Pour s’en tenir au moment présent, on voit que la somme, ou plutôt le revenu dont il s’agit, pris pour symbole de la valeur mobilière, a subi, depuis le XIIIe siècle, un dépérissement de 96 pour 100 par la dépréciation de la monnaie, de 75 pour 100 par la diminution du pouvoir de l’argent, et de 60 pour 100 par le fait de l’abaissement du taux de l’intérêt. En juxtaposant ces trois causes de moins-value qui ont agi de concert, une somme de 1,000 francs de l’an 1200 s’est trouvée, par la première, réduite à 37 francs ; ces 37 francs ont été réduits, par la seconde, à 9 fr. 25 ; et ces 9 Ir. 25 ont été réduits, par la troisième, à 3 fr. 70.

Ces 3 fr. 70 sont tout ce qui reste des 1,000 francs de revenu mobilier de 1200. Il n’y a pas, dans ce résultat, place pour la moindre hypothèse, pour le moindre doute, c’est un calcul brutal et simple.
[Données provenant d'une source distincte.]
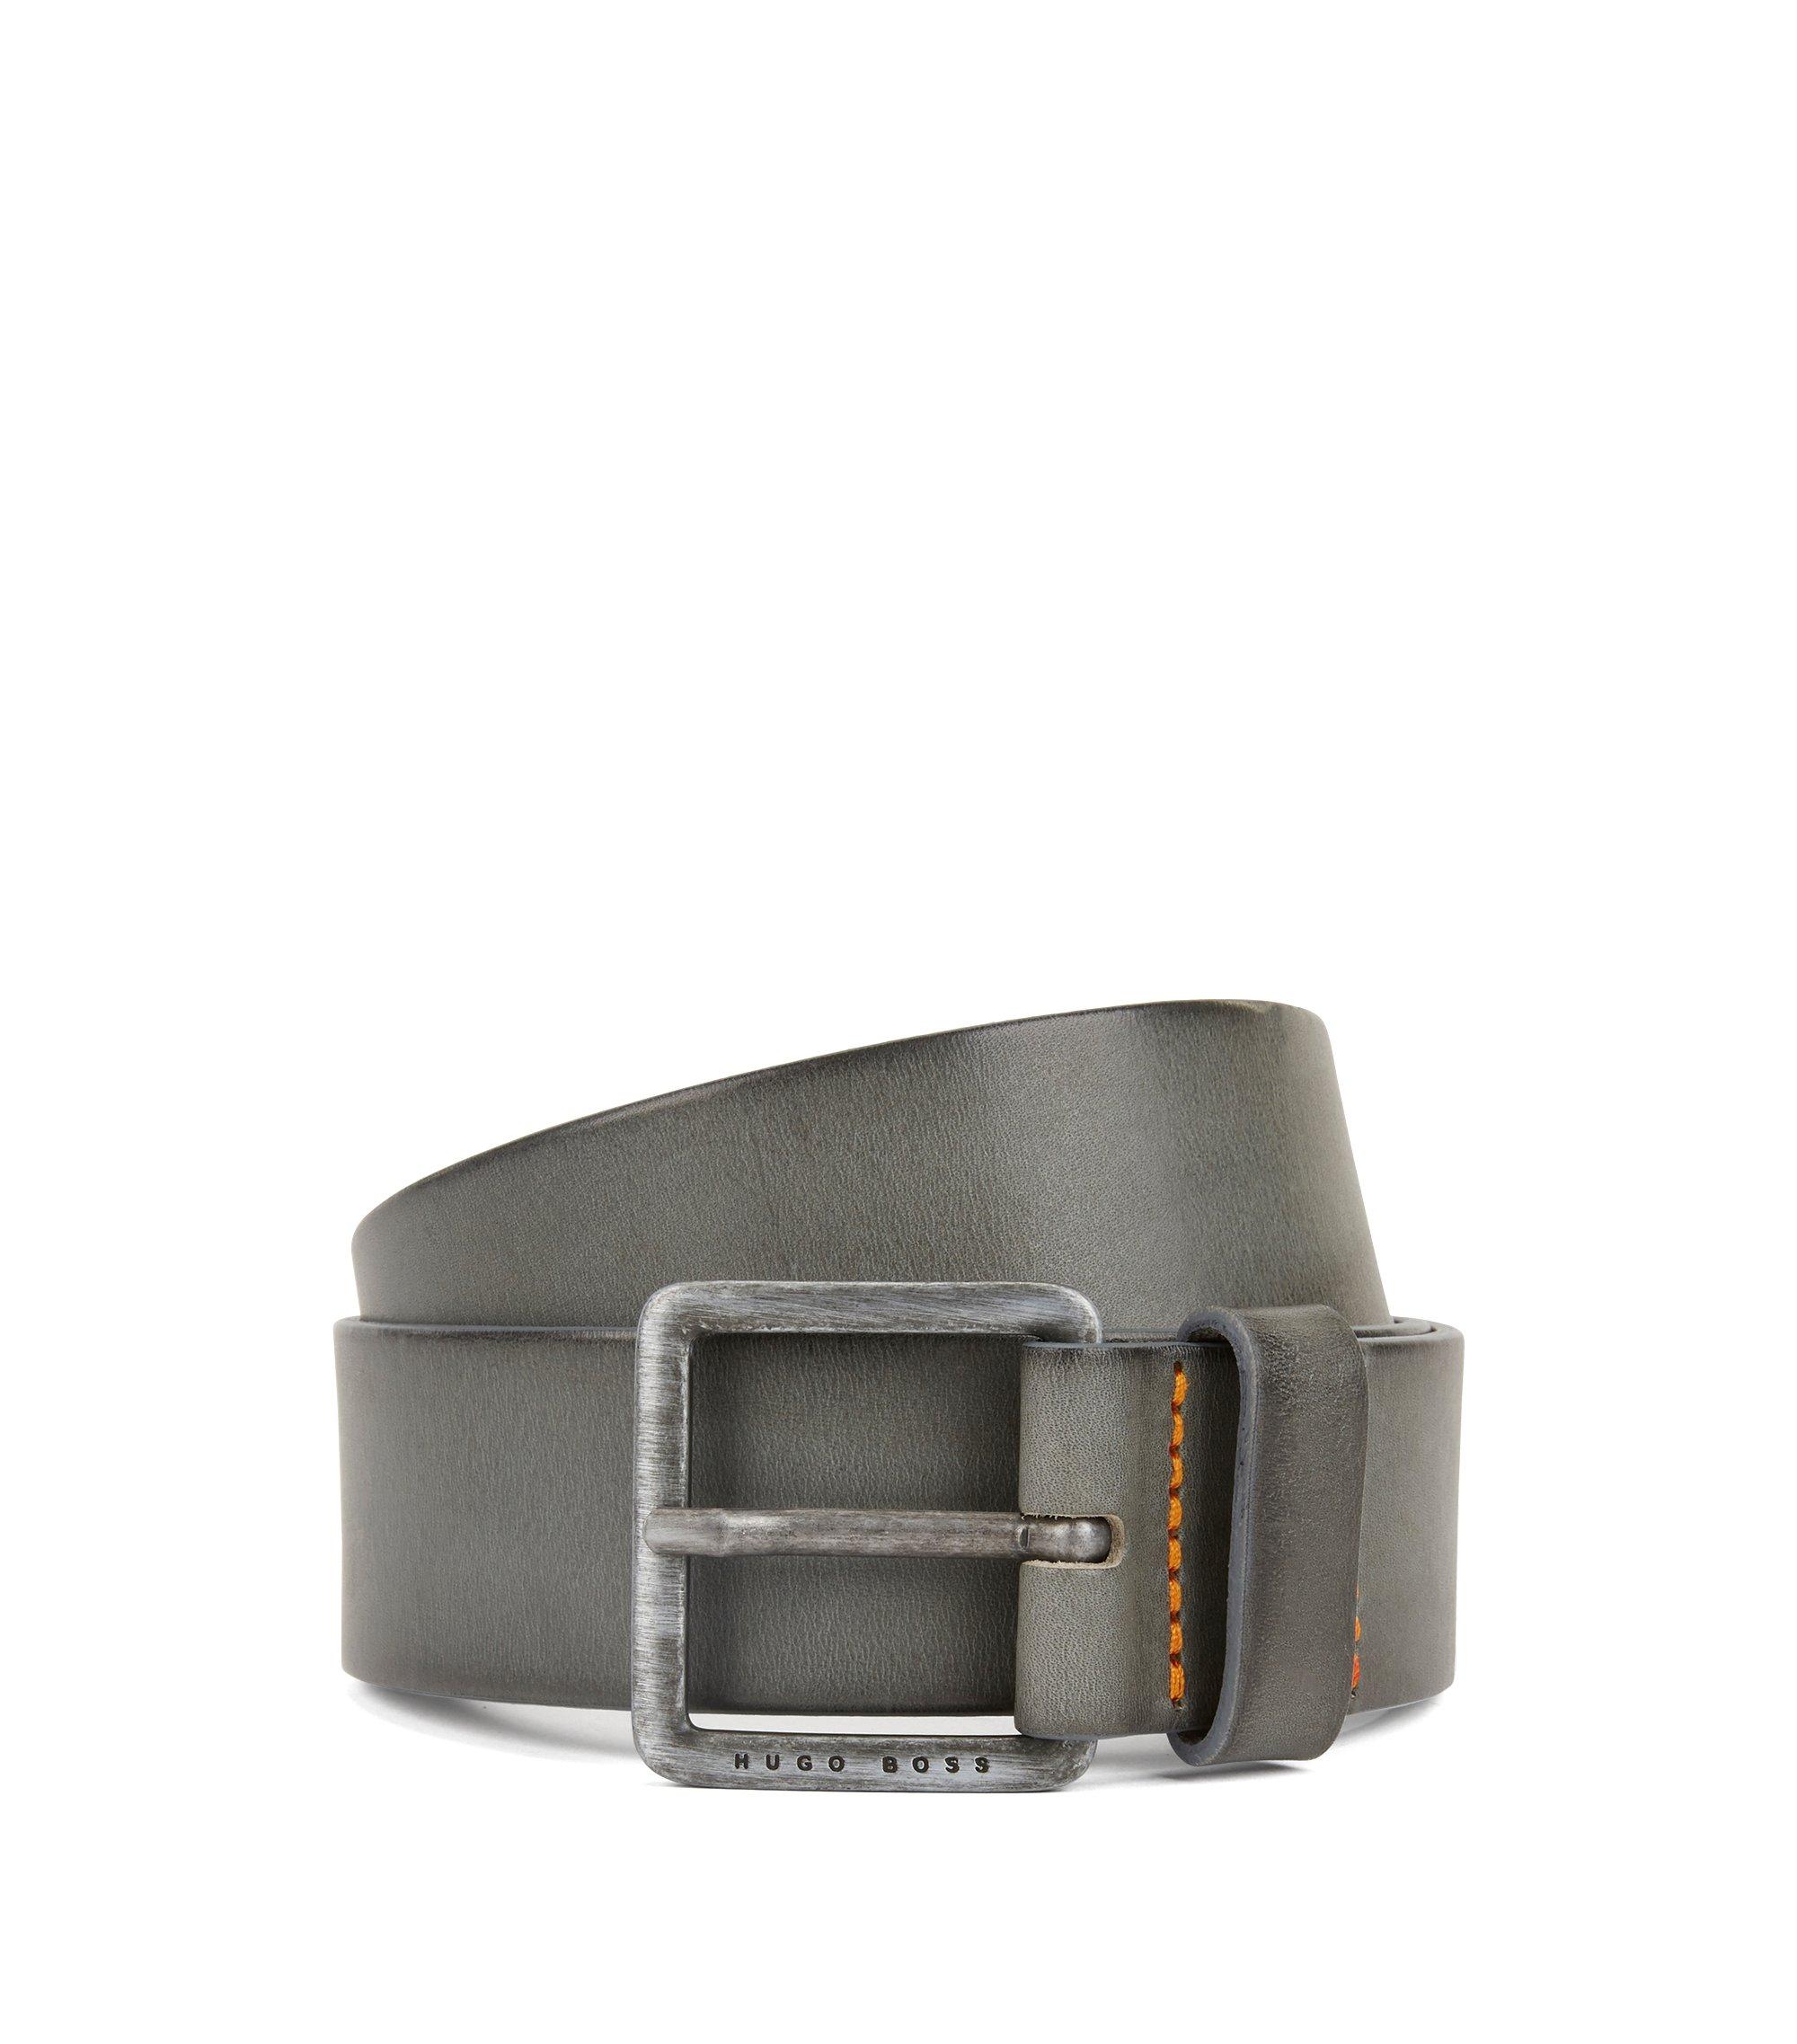 Ledergürtel mit charakteristischen Naht-Details, Grau

On peut le faire pour toutes les autres époques ; l’on verra que, pour être moins entière, la dépossession du propriétaire mobilier n’en a pas moins été considérable : sur 1,000 francs de revenu de l’an 1500 il ne reste aujourd’hui que 15 francs ; et sur 1,000 francs de revenu de l’an 1700, c’est-à-dire d’il y a seulement deux siècles, il ne reste que 166 francs.

Évidemment, ces calculs absolus ne peuvent s’appliquer pratiquement à aucun cas particulier. Il n’a pas existé depuis Philippe-Auguste, ou depuis François Ier, ou depuis Louis XIV une seule fortune métallique, s’élevant en capital à 1,000, 10,000, ou 100,000 livres, qui se soit transmise d’un individu à un autre, sans aucune vicissitude autre que l’avilissement progressif auquel nous venons d’assister. Mais cet avilissement inéluctable de la richesse numéraire ; depuis sept siècles, est d’une haute portée morale ; cette constatation de l’expérience répond, plus victorieusement que tous les discours des hommes d’État ne le peuvent faire, aux réclamations communistes contre « l’odieux capital. »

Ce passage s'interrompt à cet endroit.